2. changing parameters during a run—stopping and restarting

You are not limited to using the same parameter settings for an entire run. You can stop the run, edit the inlist file, and restart with new settings. For use with debugging, this stop-restart mechanism has been carefully constructed so that if you restart from an intermediate state without changing any controls, you’ll get exactly the same results. For that to work, the saved information must be complete, and that means there’s a lot of it. To make this run fast, the restart information is dumped in binary format. Even then, saving the information is a nontrivial overhead, so you want to control how often it happens.
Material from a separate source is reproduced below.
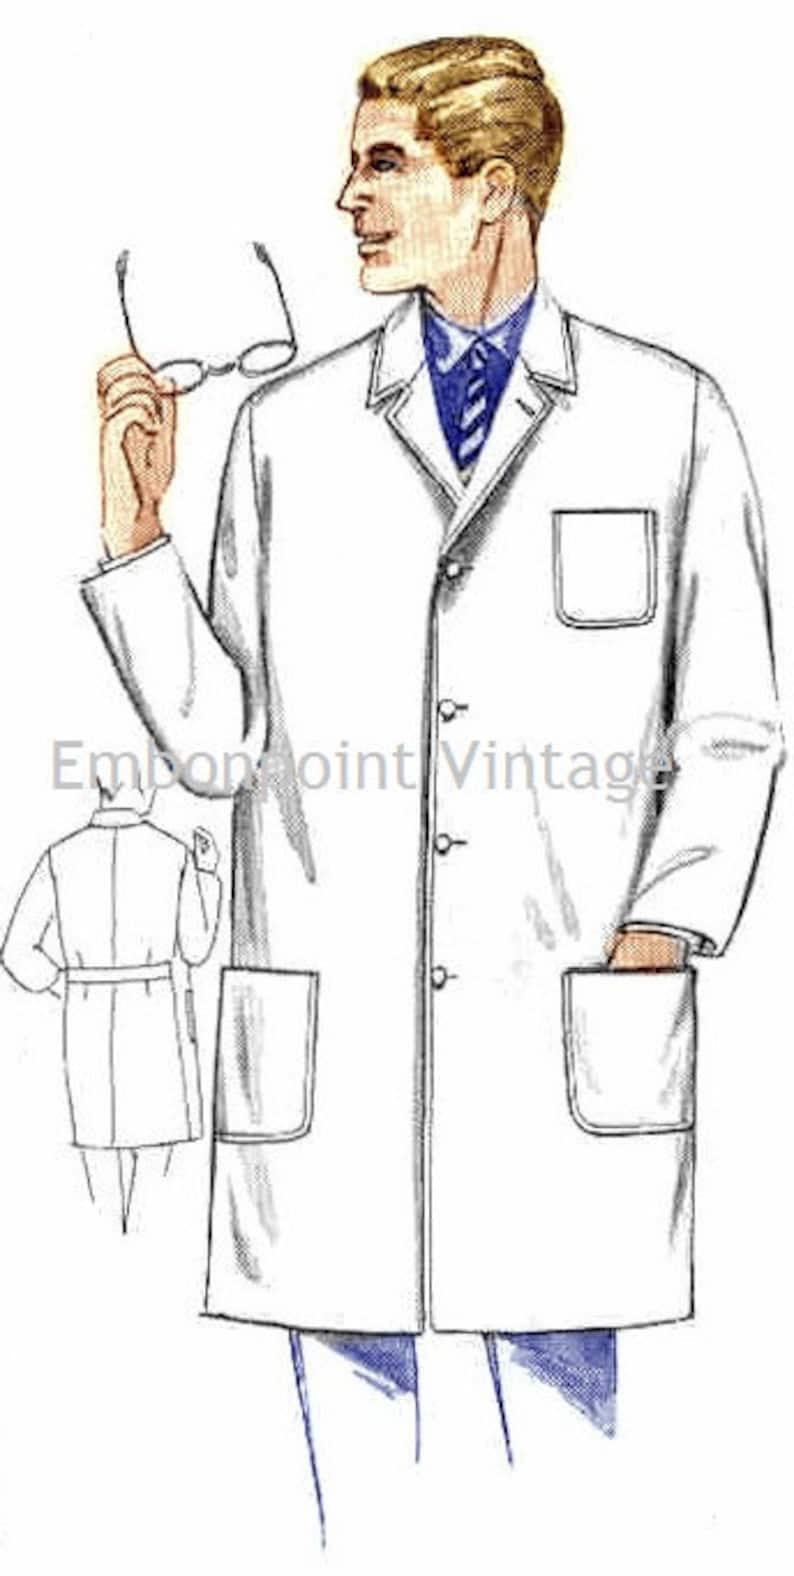 1950s Sewing Patterns | Dresses, Skirts, Tops, Mens Plus Size (or any size) Vintage 1969 Mens Lab Coat Pattern - PDF - Pattern No 148 Bradley 1960s 60s $9.50 AT vintagedancer.com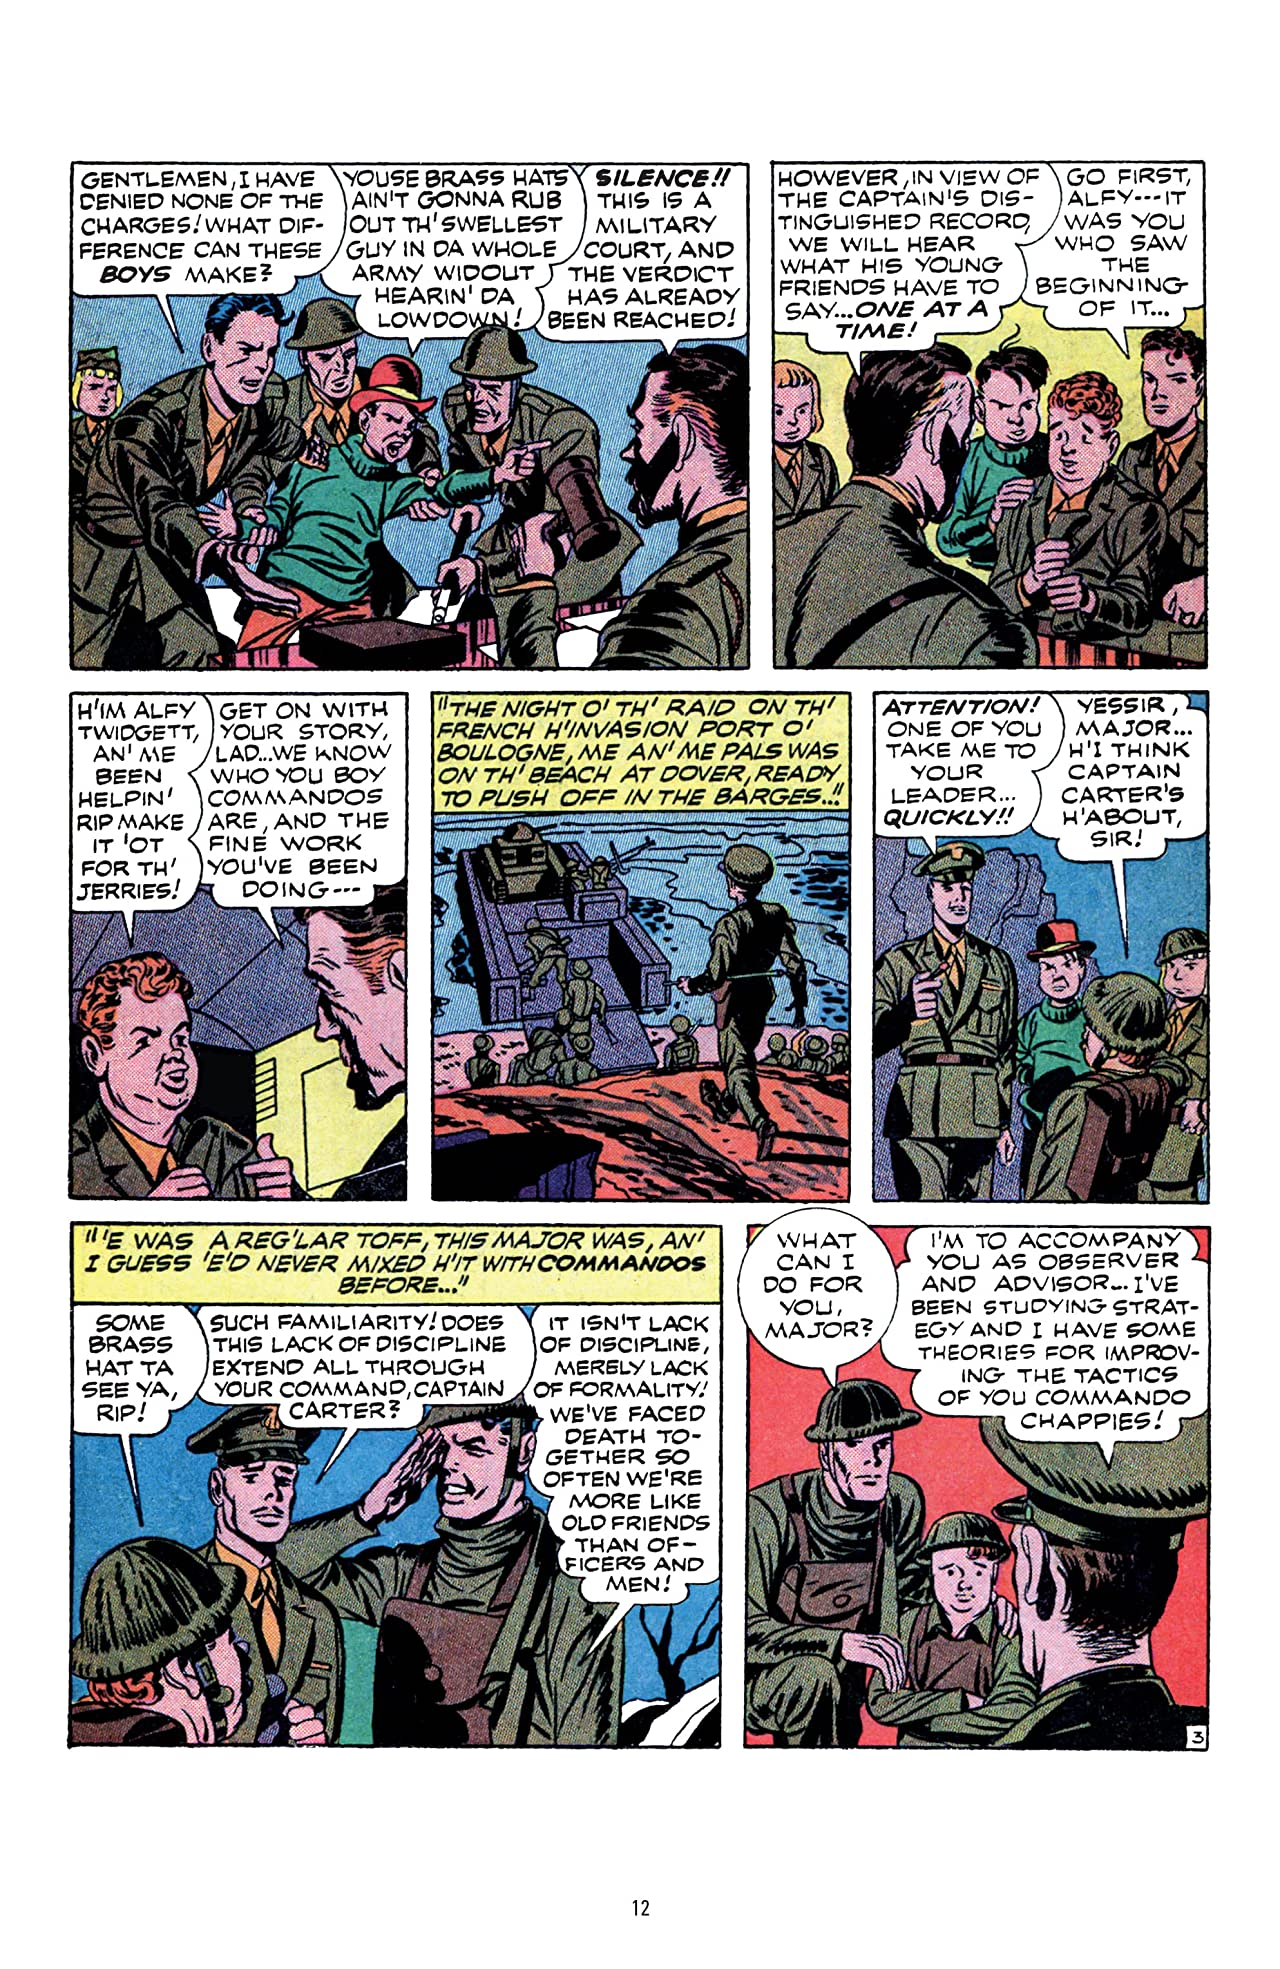 Boy Commandos by Joe Simon and Jack Kirby Tome 2

Also, it should be emphasized that the photos are not intended for long-term storage of models—the ‘save_model_number’ scheme described above is meant for that purpose. Instead the photos are intended for use during one specific run. In particular, when you update to a new version of MESA star, you should expect your existing photo files to become obsolete. If you have a lengthy run in progress when you want to update MESA, then you should do ‘save_model_number’ to save state before starting the update, and then do ‘load_saved_model’ to resume the evolution after you have done the update.

photostep and photo_directory: The value of ‘photostep’ determines how often the restart files are written, and the value of ‘photo_directory’ determines where they are written. If photostep is greater than 0 and mod(model_number, photostep)==0, a restart photo is saved. To prevent overflowing the disc with a huge number of photos, the code uses only the last 3 digits of the model number in creating a file name—except when the last 3 digits are ‘000’, in which case the entire model number is used for the file name. So, for example, if photostep is 10, then model 1040 will be saved as ‘x040’ while model 1000 will be saved as ‘1000’. The terminal output includes lines such as ‘save photos/x040’.

When the system starts up, it looks for a file called ‘restart_photo’ in the current directory. If it finds that file, it assumes that it is a restart snapshot and reads the binary data to prepare for restarting the evolution run. There are scripts called ‘rn’ and ‘re’ in the star/test directory that make this scheme easy to use. The ‘rn’ script is used to start a run. It deletes any restart_photo file before starting the evolution program. The ‘re’ script is used to do a restart. It takes a command line argument that is the name of a snapshot file in the test/photos directory and copies that file to ‘restart_photo’ before starting the evolution program.

Most controls can be changed during a run using this scheme. For example, you can use ‘change_net’, ‘change_Y’, ‘change_Z’, ‘change_v_flag’, or ‘relax_mass’ from the star_job namelist. We’ve covered the others above—here’s what relax_mass does.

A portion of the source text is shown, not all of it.